Write out the listing below in its entirety, minus the pictures, without changing a word.

__Supplied material__
○ ○ ○ ○ ○

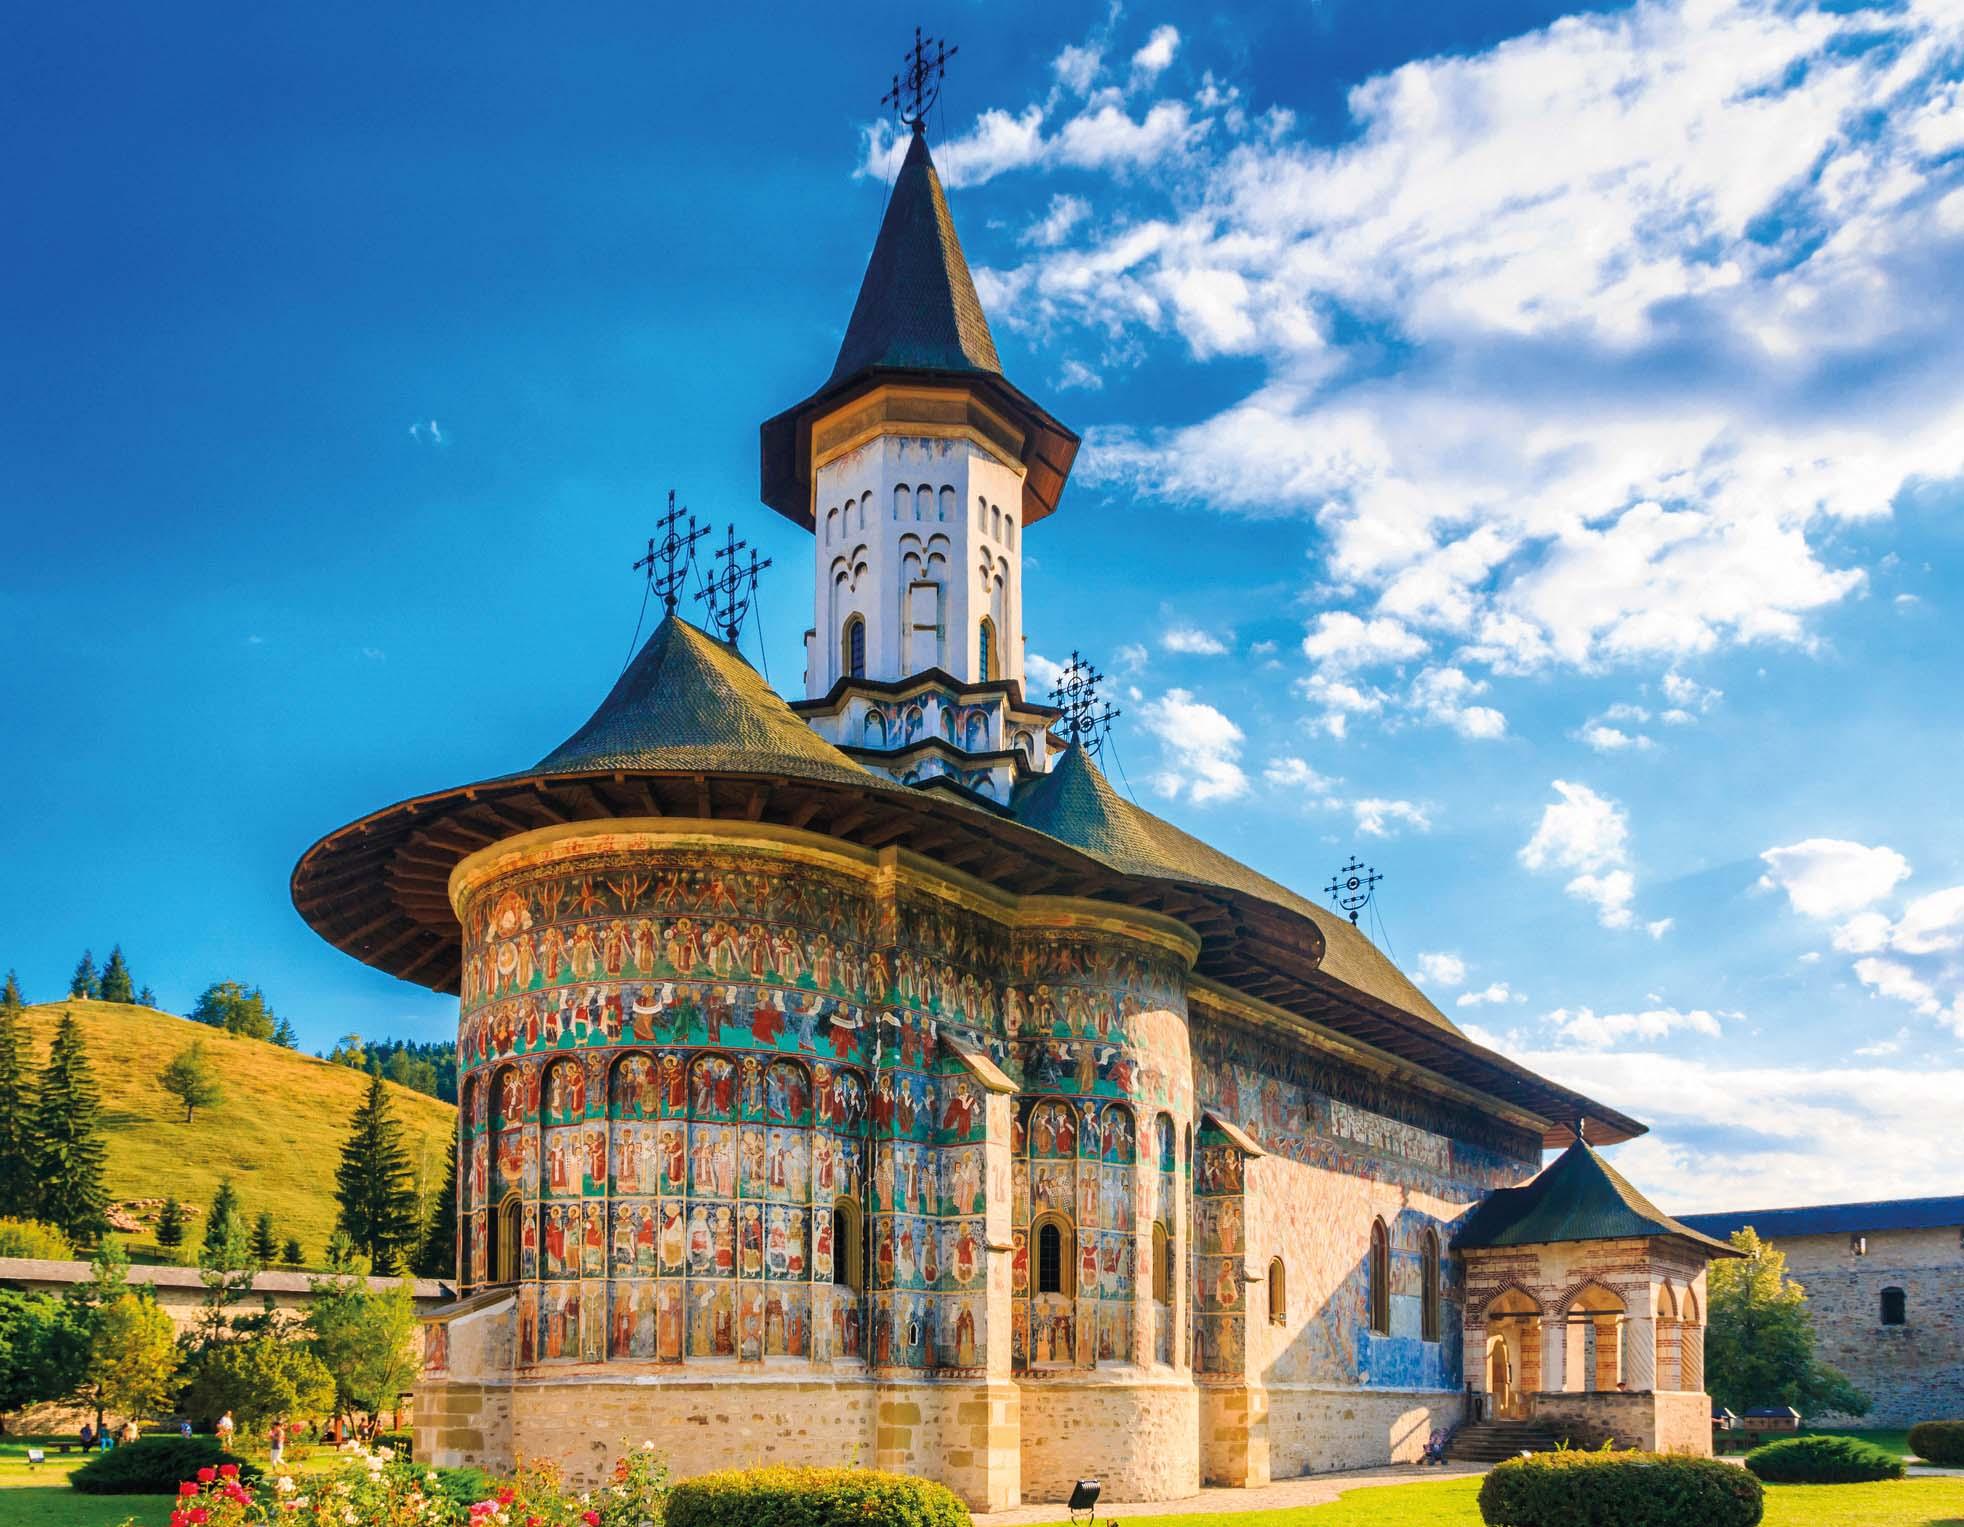 Rumänien, Moldaukloster
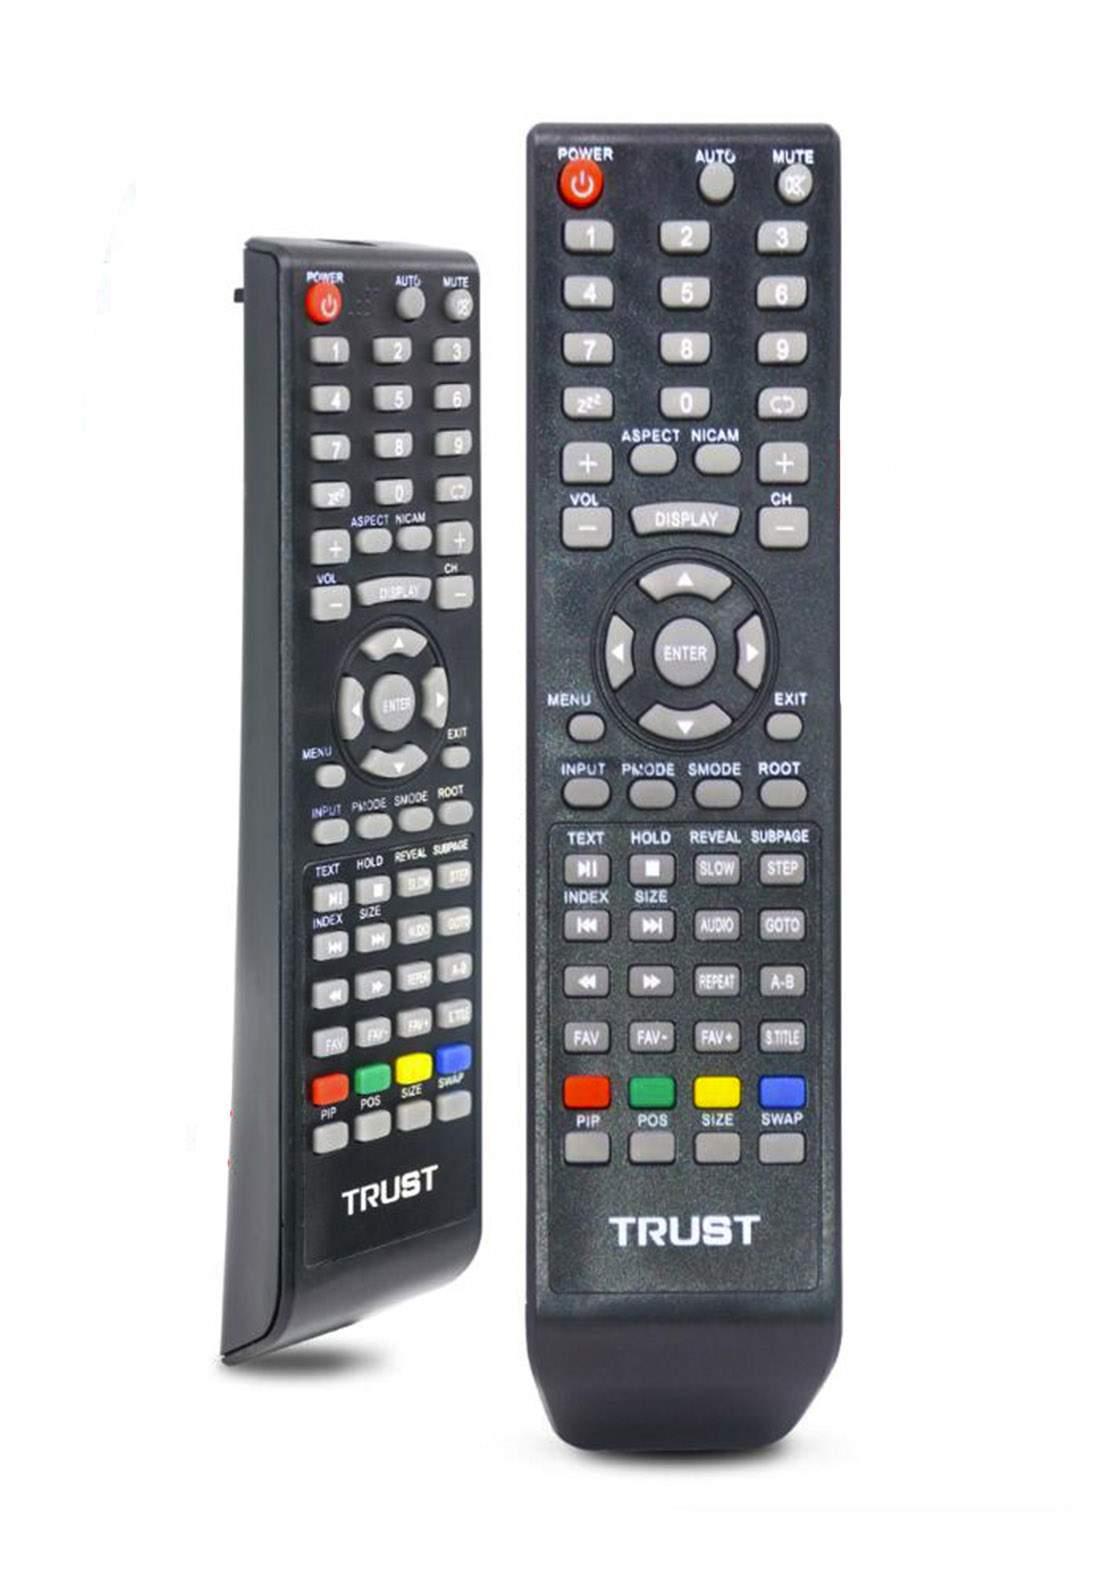 Remote Control For Trust Plasma TV (A-505) جهاز تحكم عن بعد
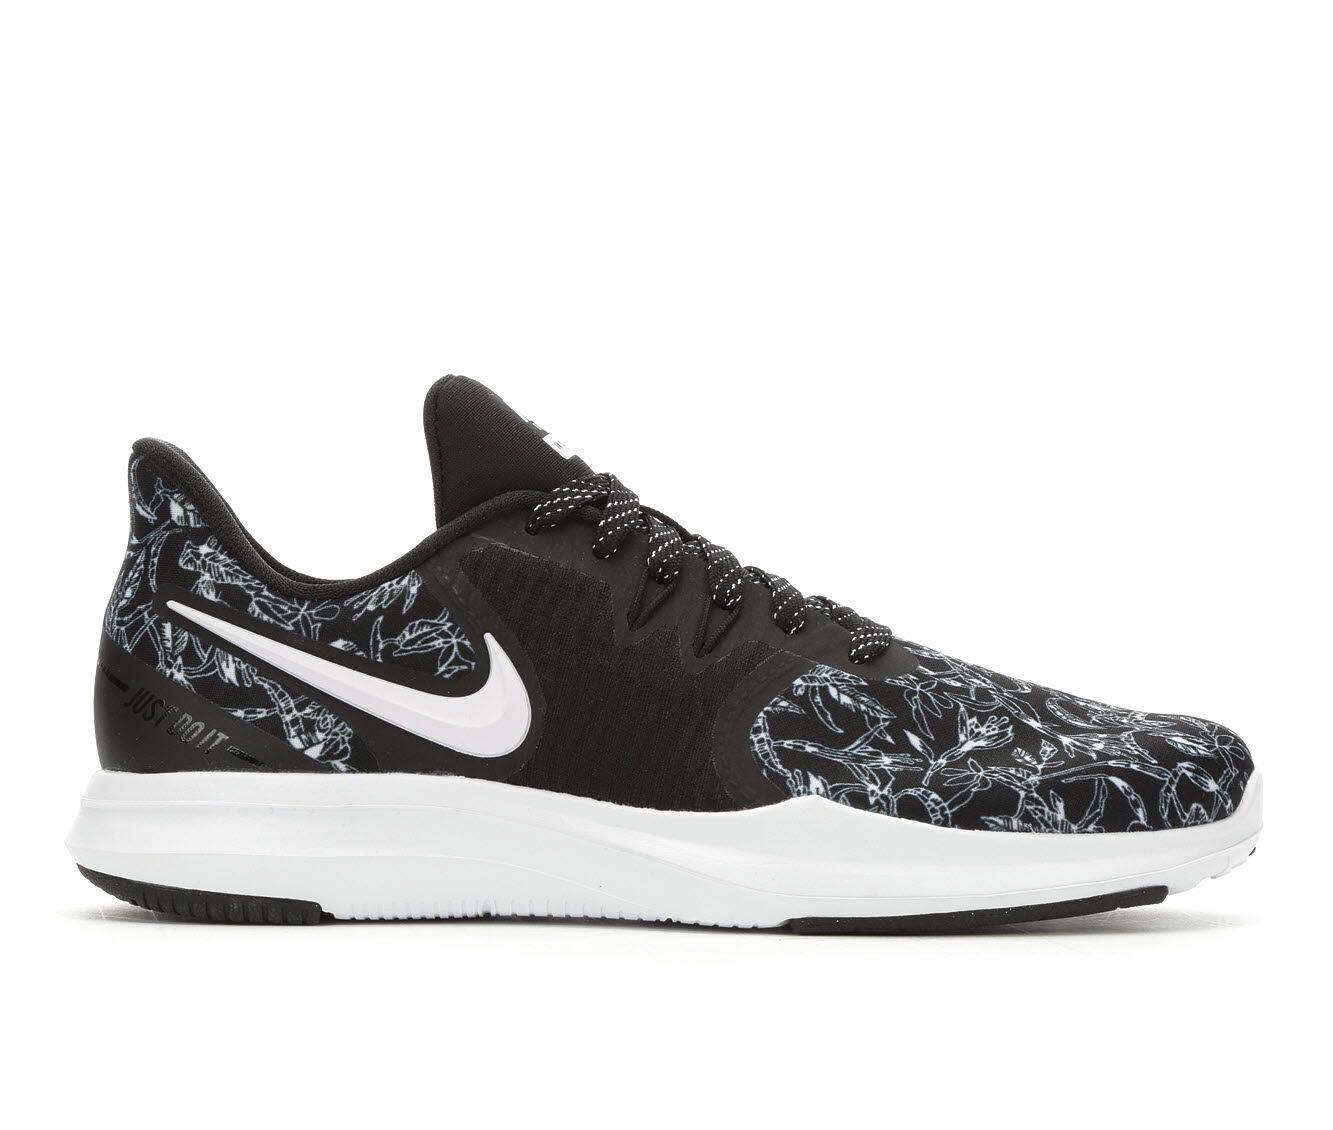 Women's Nike In-Season Tr 8 Premium Training Shoes Black/Wht Print

○ ○ ○ ○ ○

__Written reply__
 Rumänien, Moldaukloster
 Remote Control For Trust Plasma TV (A-505) جهاز تحكم عن بعد
 Women's Nike In-Season Tr 8 Premium Training Shoes Black/Wht Print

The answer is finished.